# Möchte meine Hardware Updaten -> Welche Grafikkarte ?



## Nightcrawler (9. November 2003)

Hallo,

ich möchte in den nächsten Tagen meine Hardware es Updaten , mein system ist wirlich ein bisschen langsam mit der Zeit geworden, weiß aber nicht ob die Komponeten die ich ausgsucht gut zusammen passen. Vieleicht könnt Ihr mir da helfen:

ALT -> NEU

CPU
AMD Athlon 1,4 Ghz Thunderbirdt -> AMD Athlon XP 2600+ Barton plus CPU Lüfter Whisperrock IV

RAM
2x 256 MB SDRAM 133 Mhz -> 2x 256 MB DDRAM 400 Mhz

Mainboard
ASUS KT 133 (oder ähnlich) -> ASUS A7N8X Deluxe oder X

Grafikkarte
ASUS GeForce 2 mit 32 MB -> ATI Radeon 9600Pro 128 oder MSI 5600 FX VDTR 128

Hier bei der Grafikkarte liegt mein größtes Problem ich tendiere langsam zur ATI weil da die Geschwindigkeit besser sein soll.

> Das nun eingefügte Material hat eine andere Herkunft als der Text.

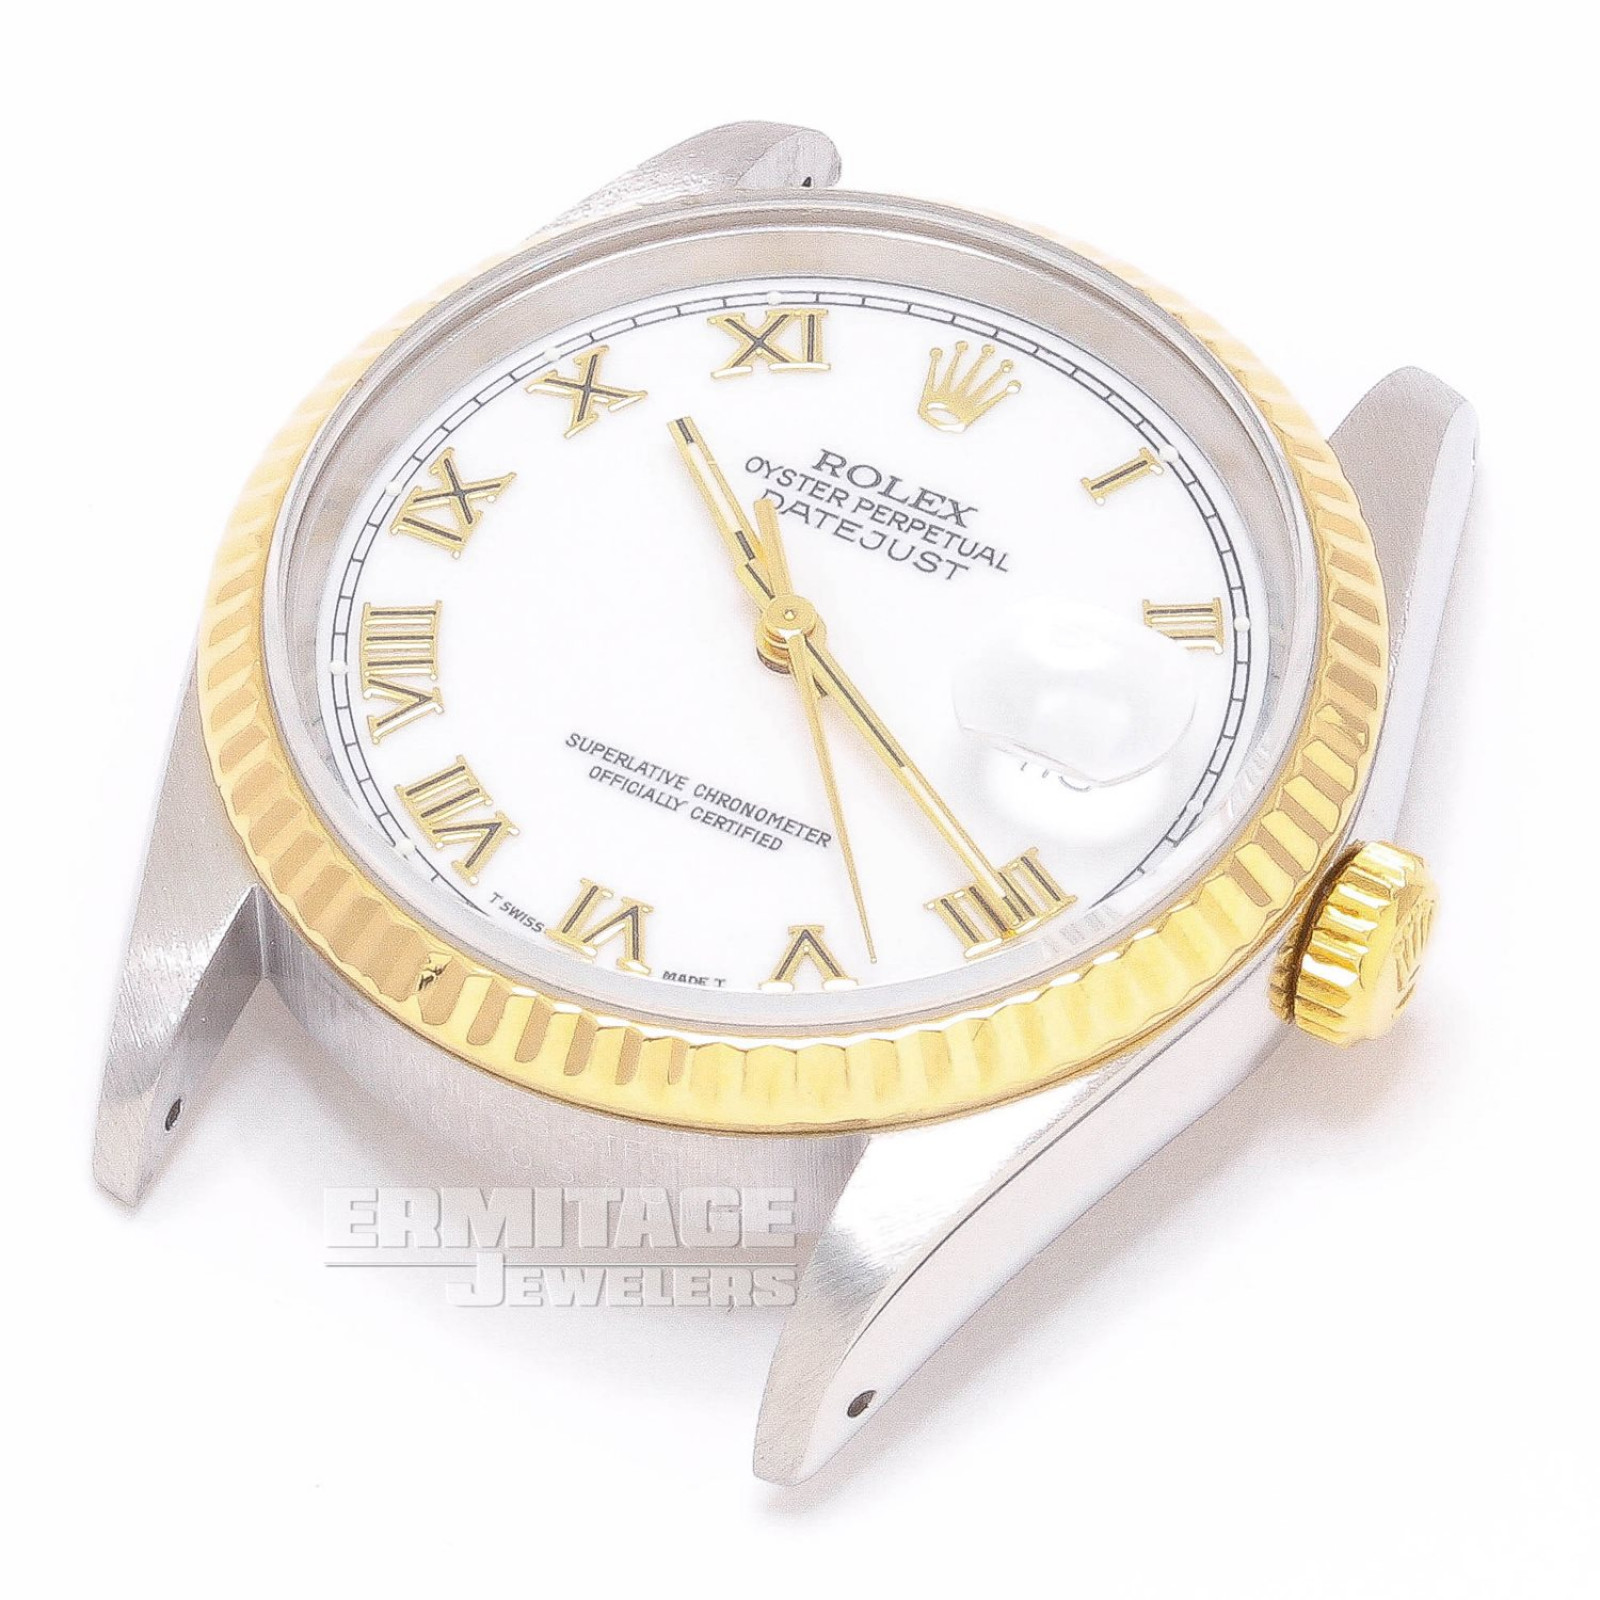 Rolex Datejust 16233 with White Dial

Ich nutze den Rechner stark für 3D basiernde Spiel wie UT2003, Generals( das gute deutsche), Age of Mytholgy, Neverwinters End usw. als auch für die Erschaffung von 3D Projekten mit Cinema 4D. 

Wär nett wenn ihr mir eure Meinung dazu sagt.

Dank im Voraus

Nightcrawler


----------



## Nightcrawler (9. November 2003)

Kann mir keiner von euch einen Rat geben. 
Weiß wirklich nicht welche Garfikkarte ich nehmen soll und ob die restlichen Komponeten gut zusammen arbeiten.

Nightcrawler


----------



## Erpel (9. November 2003)

Also ich würde zu der 9600 von ati tendieren, gugg dir mal den "Wiso laufen spiele bei mir so langsam" Thread an, da steht noch was zur GF FX
Zu den andern komponenten weiß ich nix leider


----------



## Nightcrawler (9. November 2003)

Habe gerade gesehen das ATI eine Neue Version der 9600 hat "XT".
hat schon jemand diese Karte und wenn ja wie schnell ist die.

Und was ist dran das die Catalyst treiber 3.8 den Monitor zerstören. Und wurde dieser Bug in 3.9 behoben.

Nightcrawler


----------